Wikipedia provides an interesting method of (approximately) solving a quadratic equation:
Vieta's formulas provide a useful method for finding the roots of a quadratic in the case where one root is much smaller than the other.
If $|x_2|\ll|x_1|$, then $x_1+x_2\approx x_1$ and we have the estimate $$x_1\approx-\frac ba$$
But how can I quickly estimate that one root is much larger than the other?
On
Another derivation of the first answer...
Let one of the roots be $x_1$ and let the other root be $x_2=kx_1$.
Then sum of roots is $x_1+kx_1=(k+1)x_1$ and product of roots is $x_1 \times kx_1=kx_1^2$
For $ax^2+bx+c=0$ we have $-\frac ba=(k+1)x_1$ and $\frac ca=kx_1^2$
Square the first so that $\frac {b^2}{a^2}=(k+1)^2x_1^2 \Rightarrow \frac {b^2}{ac}=\frac{(k+1)^2}{k}$
For $|k| \gg 1, \frac {b^2}{ac} \approx k+2 \Rightarrow |\frac {b^2}{ac}| \gg 1$
For $|k| \ll 1, \frac {b^2}{ac} \approx \frac 1k \Rightarrow \frac {a^2}{bc} \approx k \Rightarrow |\frac {ac}{b^2}| \ll 1 \Rightarrow |\frac {b^2}{ac}| \gg 1$
In either case, a large value of $|\frac {b^2}{ac}|$ means that one root is much larger than the other.

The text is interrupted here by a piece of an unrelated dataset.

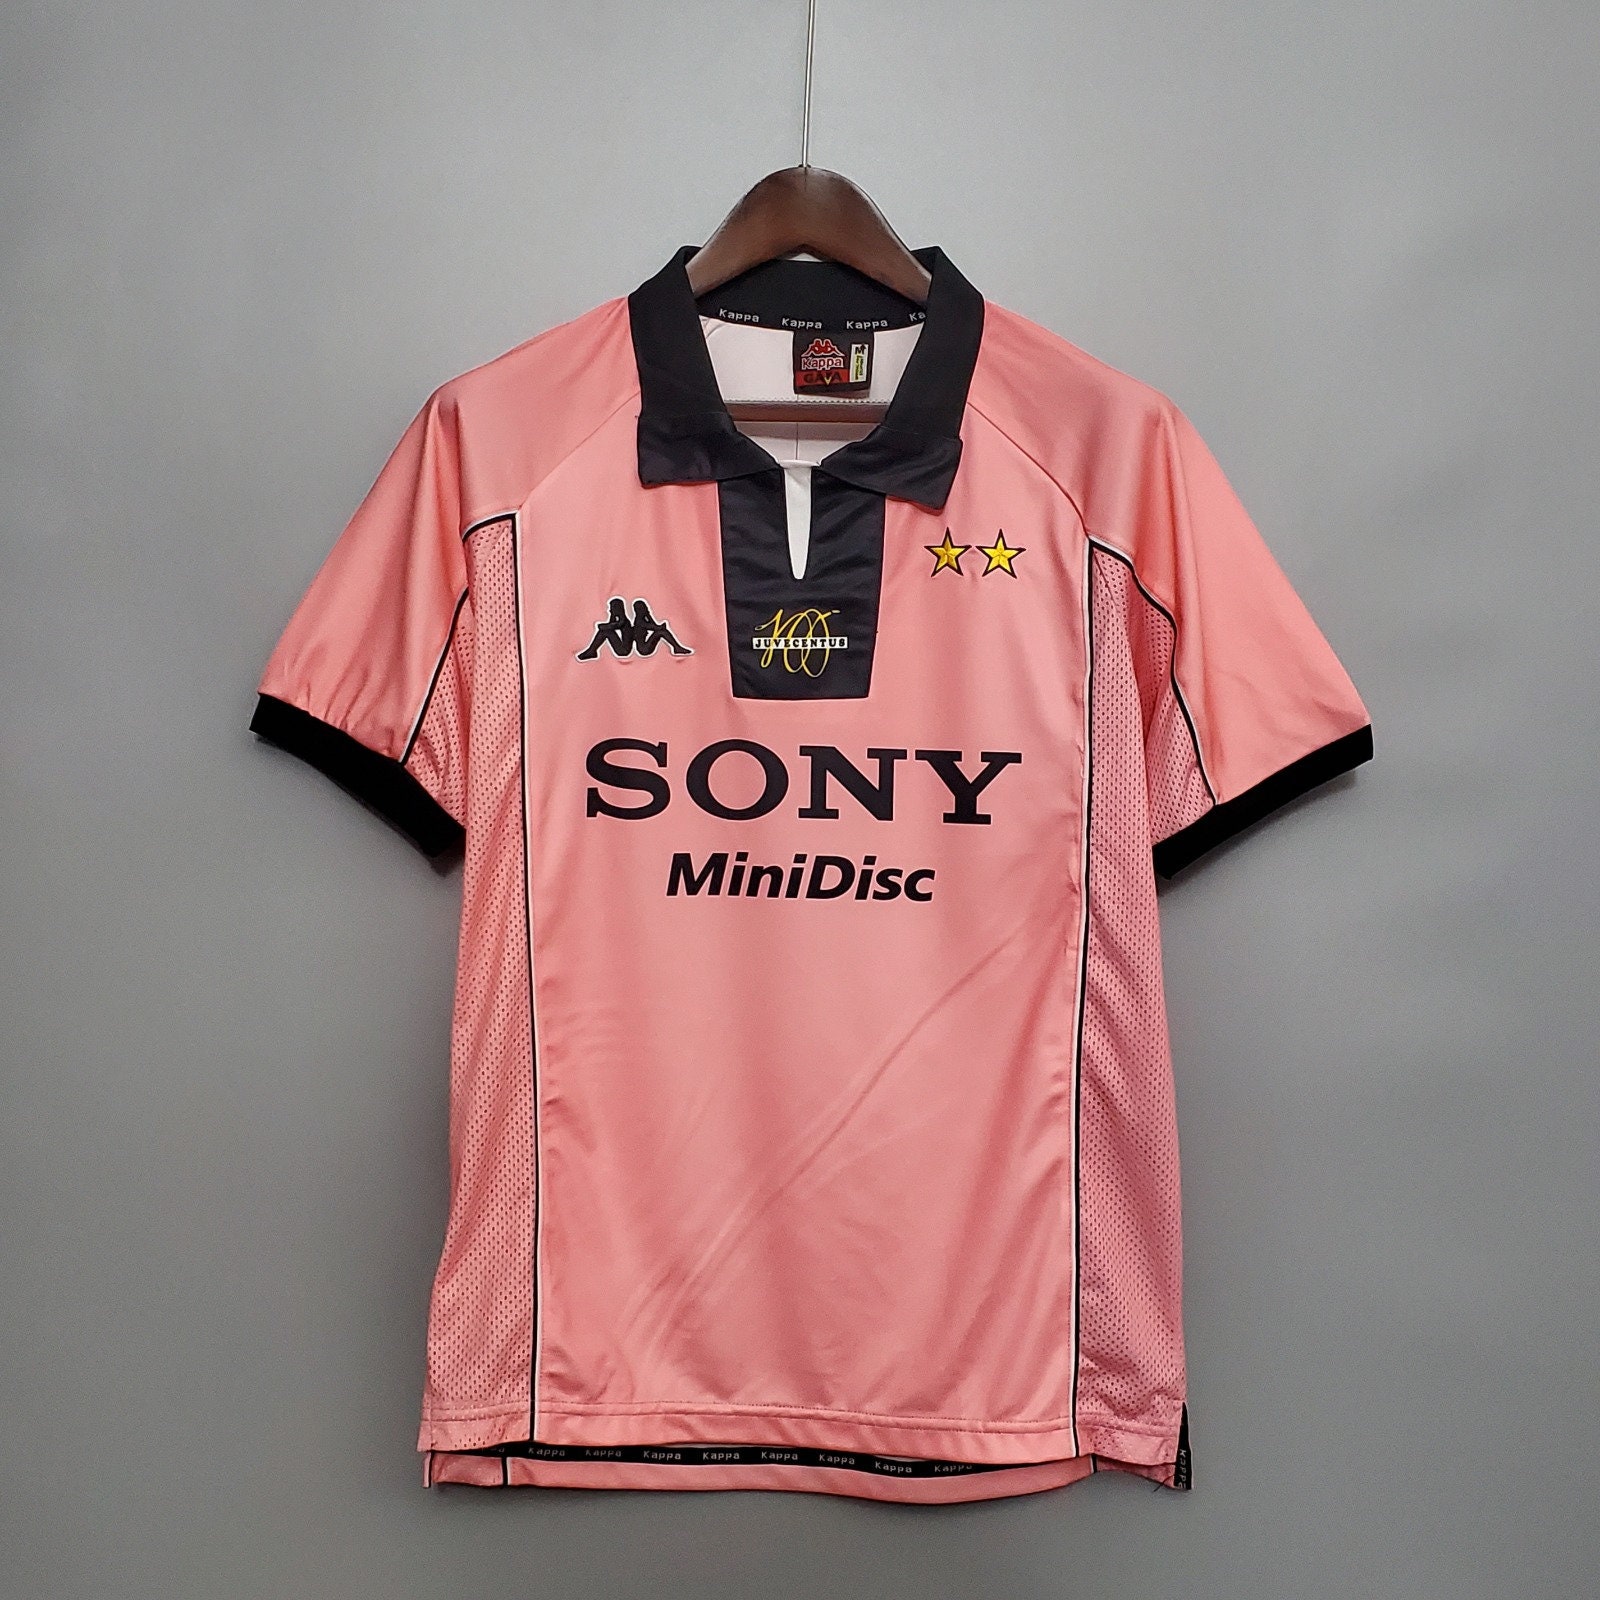 Snor Gewond raken Lotsbestemming Juventus Pink Jersey - Etsy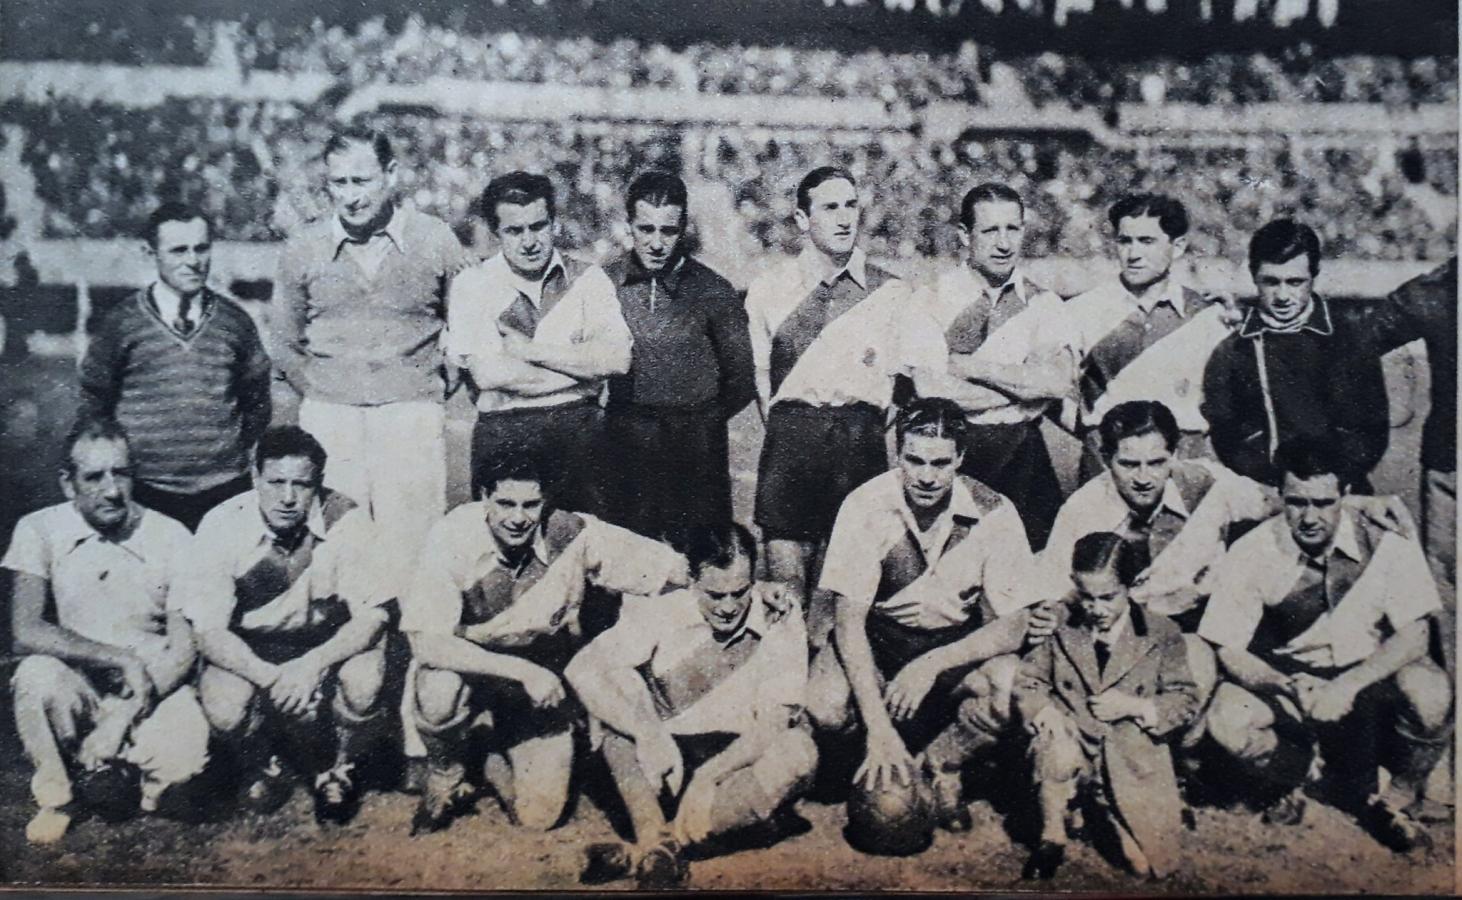 Imagen El plantel de River que empató 2-2 con Boca en 1938

One root is much smaller than the other when $|ac| \ll b^2$ because then the square root in the quadratic formula is very close to $b$. The approximation given comes from replacing the square root by $b$ and taking the minus sign so the two terms add. This is also the time that the calculation of the other root suffers from roundoff error in a computer because $-b+\sqrt{b^2-4ac}$ is the difference of two similar numbers.